A mid-sized Australian retailer processes 30,000+ supplier invoices a year, all manually keyed into the ERP. The finance team spends sixty-plus hours a week on retyping, and ledger reconciliation surfaces errors that arrived through the keying process.
The invoices are semi-structured, the volume justifies the investment, and the errors are recurring and well-understood. This is the kind of problem IDP was built for. It doesn't need novel model research.
- 01
Pull a representative sample of 200 invoices from the last 90 days. Anything below 300 DPI or rotated incorrectly gets rejected. If the scan process is the bottleneck, that's where the first week of work goes.
- 02
Run a one-day workshop with finance, AP, and procurement to write down what each field means in plain language. "Invoice number" is whichever value flows into column X of the ERP. If a supplier prints two of them, the workshop decides which one wins and writes the decision down before any modelling starts.
- 03
Document the target schema in the ERP and run one record end-to-end (extracted → ERP write → reconciled) before training anything. About half of failed IDP projects fail in the integration layer, not the extraction layer, so it's the first place to look.
- 04
Set a per-field confidence threshold (the model's self-reported confidence in each extraction, distinct from the per-field accuracy measured against ground truth in the success criterion below); the default starting point is 0.85, calibrated downstream as the reviewer queue settles. Fields above the threshold pass straight through. Fields below it queue for human review until the model has learned enough to clear them on its own.
- 05
Write the success criterion in the SOW before any code: ≥90% straight-through accuracy on a 200-document holdout, measured by week 3. Miss the target and the production phase doesn't happen.

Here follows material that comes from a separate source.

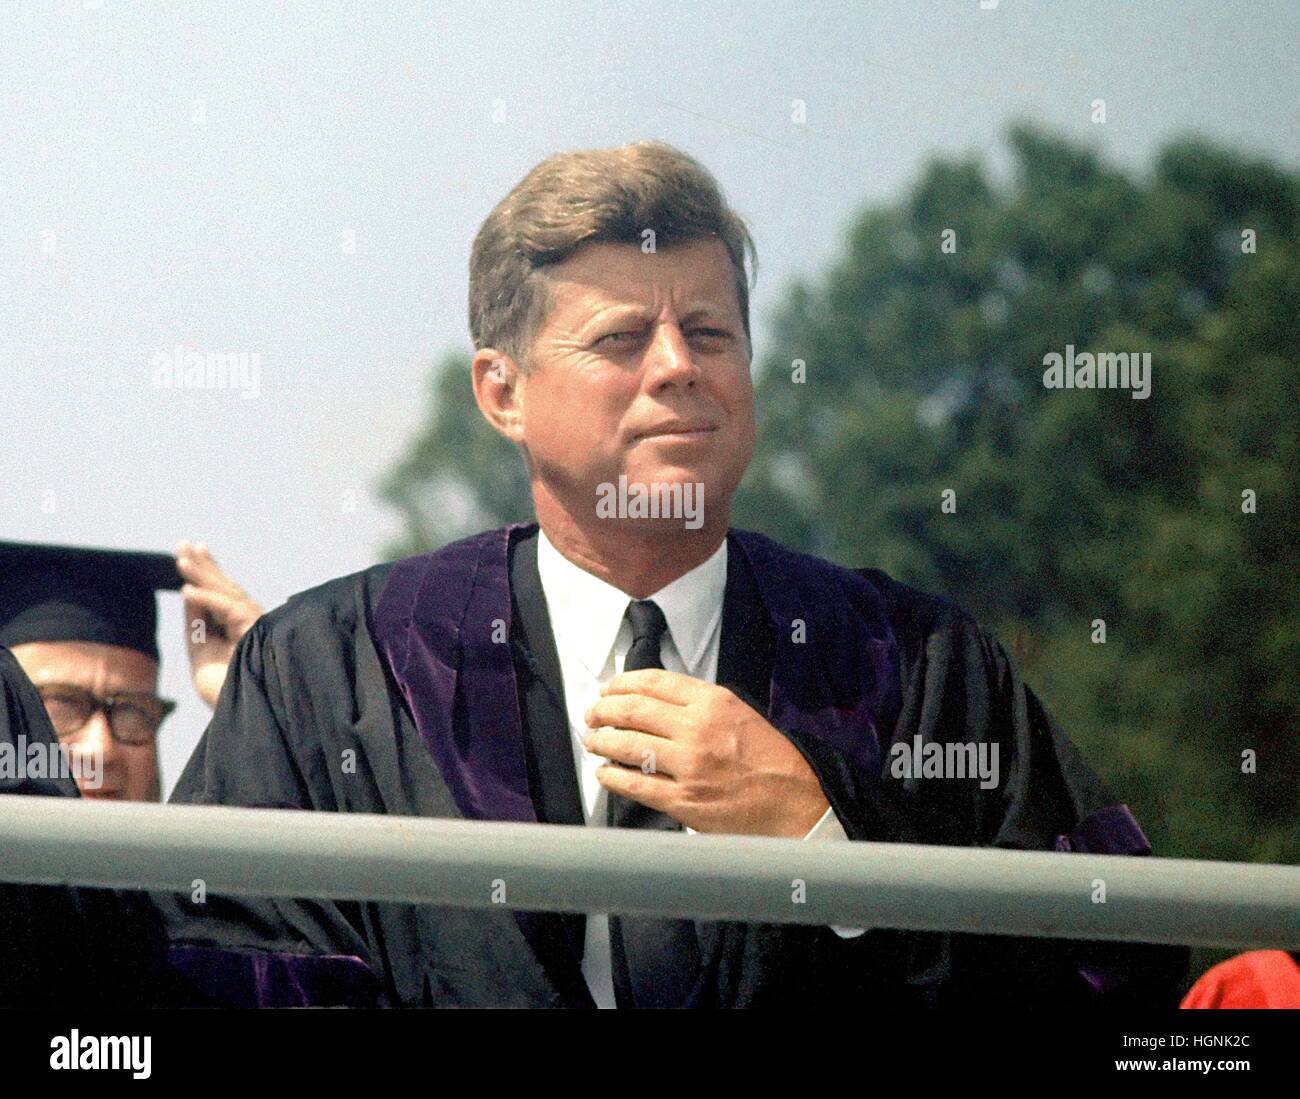 Le président des États-Unis John F. Kennedy prend la parole à l'ouverture de l'Université américaine à Washington, D.C. le 10 juin 1963. Ce discours est connu comme Kennedy 'Pax Americana' discours, où il a présenté sa vision pour la paix dans le monde. Banque D'Images

≥90% per-field accuracy on a 200-document holdout, with low-confidence routing in place. Measured at week 3.
Pilot: 3 weeks. Production handover: 4–6 weeks.
Not every document category clears 90%. Handwritten remittance advice, fax-quality scans, and multi-page composite documents tend to land below threshold and stay there. They need human-in-the-loop review indefinitely. We'll flag those categories by week 2, not at the end.